免疫蛍光染色によって辺縁ニッチ細胞またはLNCを同定するには、5%マトリゲルコーティングされた6ウェルプレートで培養したLNCに、ウェルあたり1ミリリットルの0.25%トリプシンEDTAを添加します。プレートを摂氏37度で5分間インキュベートして細胞を消化します。MESCMを含むノックアウト血清1ミリリットルを細胞懸濁液に添加して消化を急冷します。
細胞懸濁液を遠心チューブに移し、200Gで5分間遠心分離してから、上清を慎重に吸引します。ペレットを1ミリリットルのMESCMに再懸濁します。次に、細胞分離機を使用して、メーカーの指示に従って、80マイクロリットルの細胞懸濁液を4枚の顕微鏡スライドに均等に堆積させます。
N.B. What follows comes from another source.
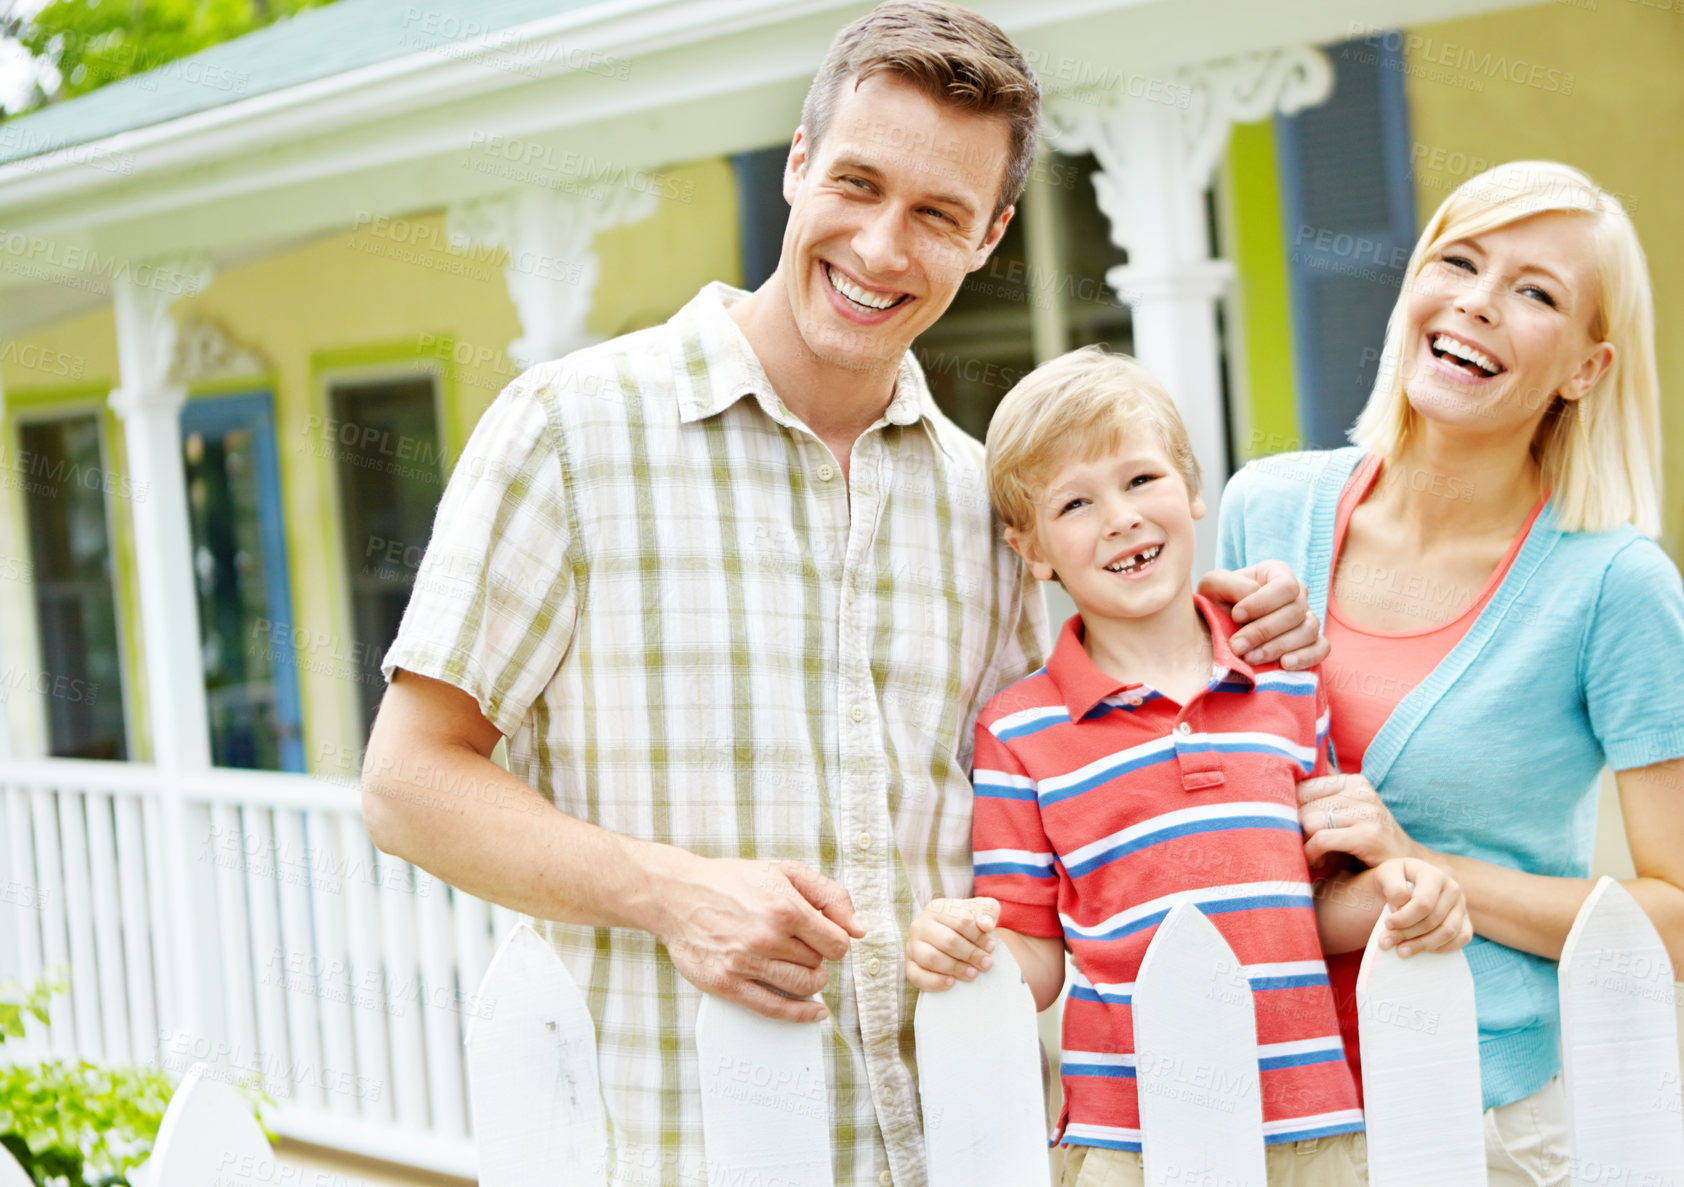 Buy stock photo Happy young family standing together outdoors

細胞を4%パラホルムアルデヒドで約10分間固定します。次に、0.2%Triton X-100 in PBS を使用してスライド上の細胞を 15 分間透過処理します。2%ウシ血清アルブミンで細胞を1時間ブロックした後、摂氏4度のシェーカーで一次抗体と一晩インキュベートします。
インキュベーション後、スライドをPBSTで3回、それぞれ5分間洗浄して、結合していない抗体を除去します。次に、サンプルを適切な二次抗体と摂氏37度で1時間インキュベートしてから、前述のように未結合抗体を洗浄します。1ミリリットルあたり5マイクログラムの濃度のDAPIで核を対比染色します。
スライドを密封した後、蛍光顕微鏡を用いてイメージングを行う。RNA単離キットを使用して、メーカーの指示に従ってLNCからトータルRNAを抽出します。次に、大容量の相補的DNAまたはCDNA転写キットを使用して、1〜2マイクログラムのRNAを逆転写します。
2.5マイクロリットルのCDNA、0.8マイクロリットルの対応する遺伝子プライマー、10マイクロリットルのユニバーサルPCRマスターミックス、および6.7マイクロリットルの二重蒸留水を含む20マイクロリットルの溶液を調製します。次に、適切な条件を用いて定量的ポリメラーゼ連鎖反応を行います。最後に、比較CT技術を用いて、相対的な遺伝子発現を調べます。
第4継代LNCの二重免疫染色により、これらの細胞は一貫してpanCK陰性、VIM陽性、CD90陽性、CD105陽性、SCF陽性、およびPDGFR陽性であることが明確に明らかになりました。